The biggest issue is that this window is finite. As you continue your conversation and feed the model more tokens, older information is pushed out of the window and lost for the rest of the conversation. This is often referred to as context window overflow. If you mention a detail in the context window, then change the conversation, after a couple of turns, that detail is lost to the overflow.
This limitation can cause major issues when it comes to crucial details in fields like medicine, law, and finance. When it comes to these high-stakes conversations, forgetting a single detail can be catastrophic.
The Cost of Forgetting
Let's picture an LLM being used in a clinical setting, designed to assist doctors in diagnosing patients.
Crucial Detail
A new patient, John Doe, is seen for an initial physical. During the history intake, a key detail is mentioned: "I am severely allergic to Penicillin."
The LLM processes this detail and logs it into the current context window alongside the rest of the visit notes.
Token Overflow
Two days later, Mr. Doe returns to the clinic complaining of a severe sore throat. Since then, the doctor has used the same model for research, intake for different patients, and other daily tasks, generating thousands of tokens that are now stored in the context window.
The doctor orders a rapid strep test, which returns positive. The doctor asks the LLM: "Patient John Doe has tested positive for Strep. Recommend the standard first-line antibiotic."
When the model processes this request, it has no lasting context of this patient's allergy to penicillin. The only information about Mr. Doe is in the final prompt. Based on the information in the context window, the LLM would recommend the first-line treatment for strep throat... Penicillin. This would cause a life-threatening reaction for Mr. Doe.

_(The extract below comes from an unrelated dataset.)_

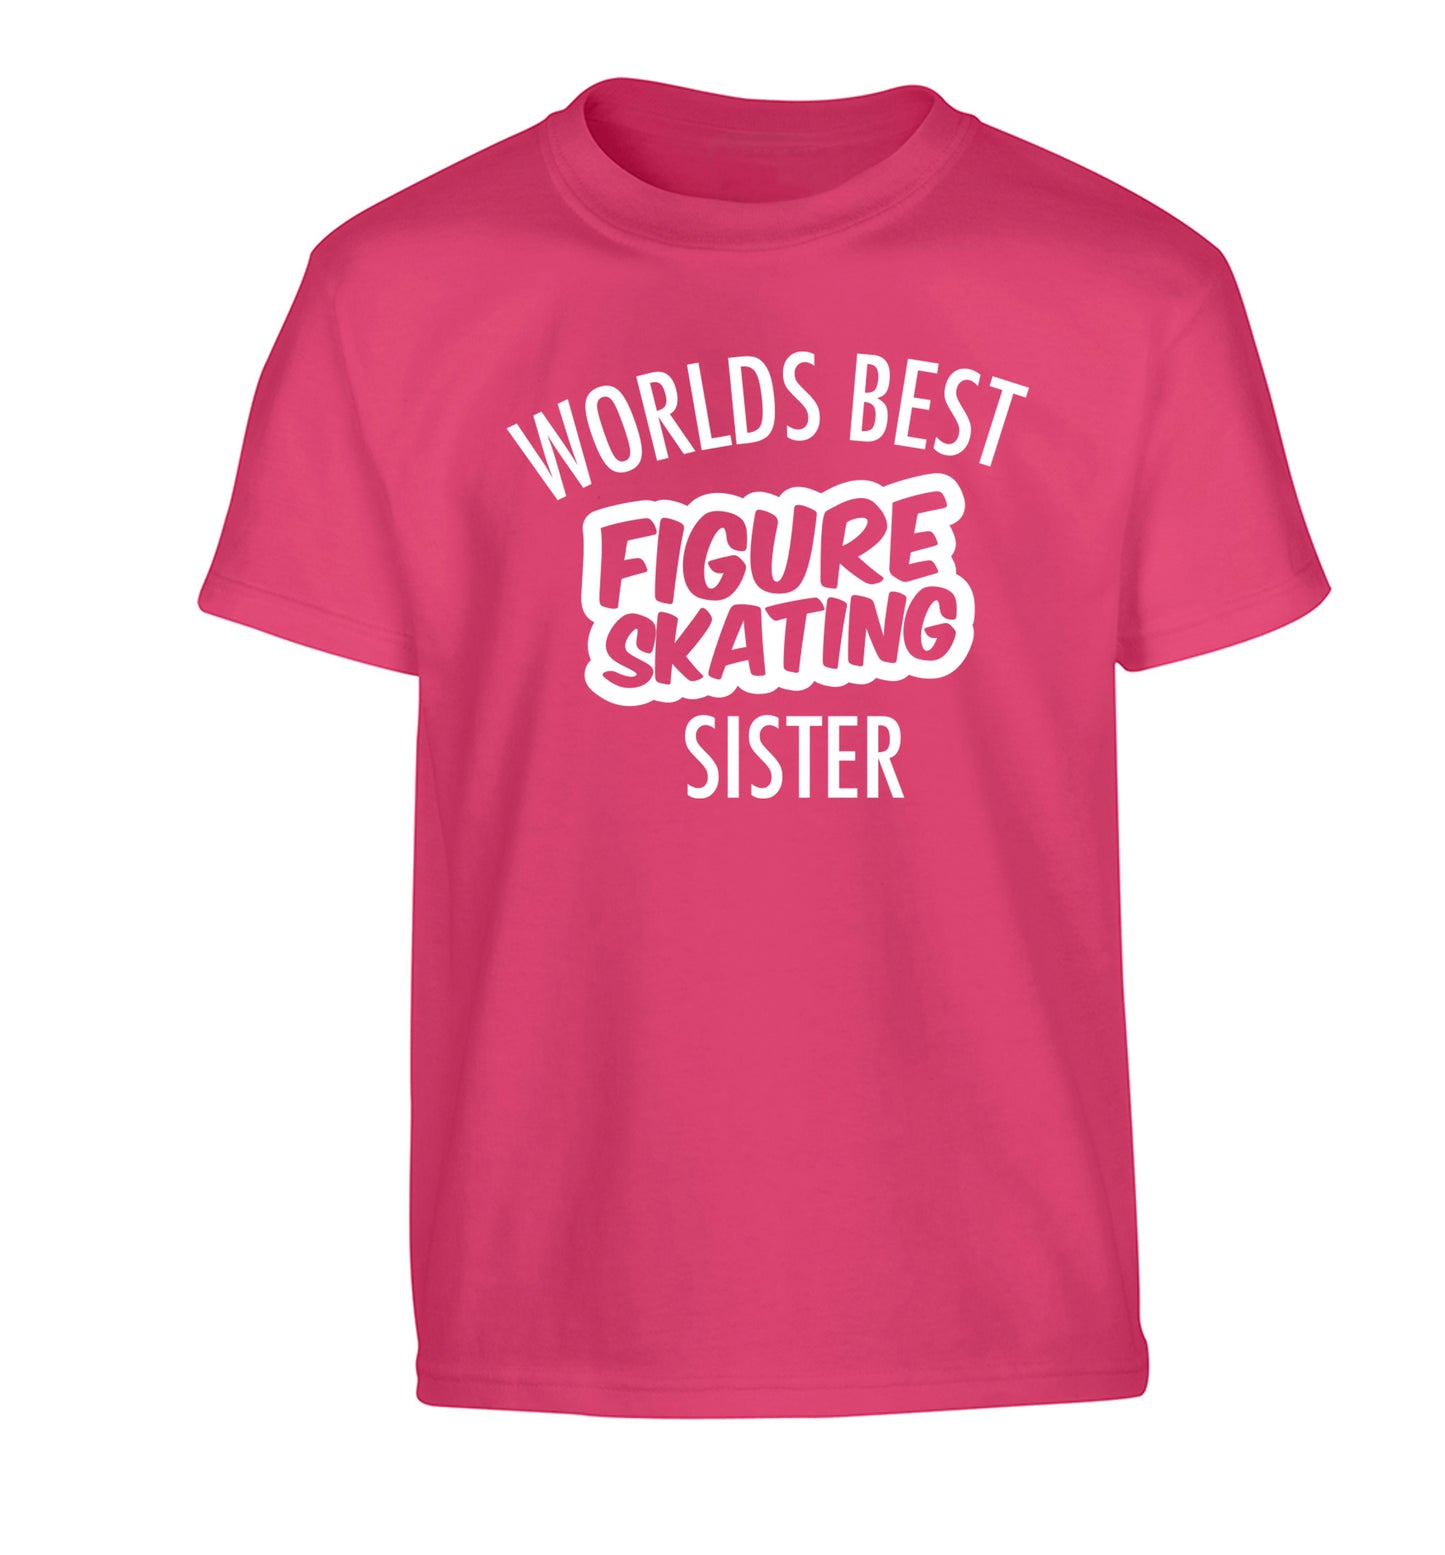 Worlds best figure skating sisterChildren's pink Tshirt 12-14 Years

Current Solutions and Their Drawbacks
So, what are LLMs currently doing to solve this context overflow problem?
1. Increase Context Windows
An easy thought to have is to simply increase the context window size. This could help, but it has significant drawbacks.
- The first issue is the cost. To increase the amount of tokens a model can process, the model needs to be larger and utilize more compute resources. This can be a significant cost barrier.
- The second issue is that the context window is still finite. Sure, we increased the window and allowed more tokens to be processed, but there is still a cutoff point where information is lost.
- Finally, we have to consider the computational cost of processing more tokens. The self-attention mechanism in these models is quadratic (O(N2)), meaning doubling the context window will quadruple the latency and memory.
2. Summarization
This process involves running a secondary function to compress the existing conversation into a shorter summary that is prepended to the context window.
- This solution causes "lossy compression". This is caused by compressing data by discarding some data. There is no way for a summarization to maintain key details from the conversation. So, in the case of Mr. Doe, the summarization may remember he is a patient, but it isn't guaranteed to remember his allergy to penicillin.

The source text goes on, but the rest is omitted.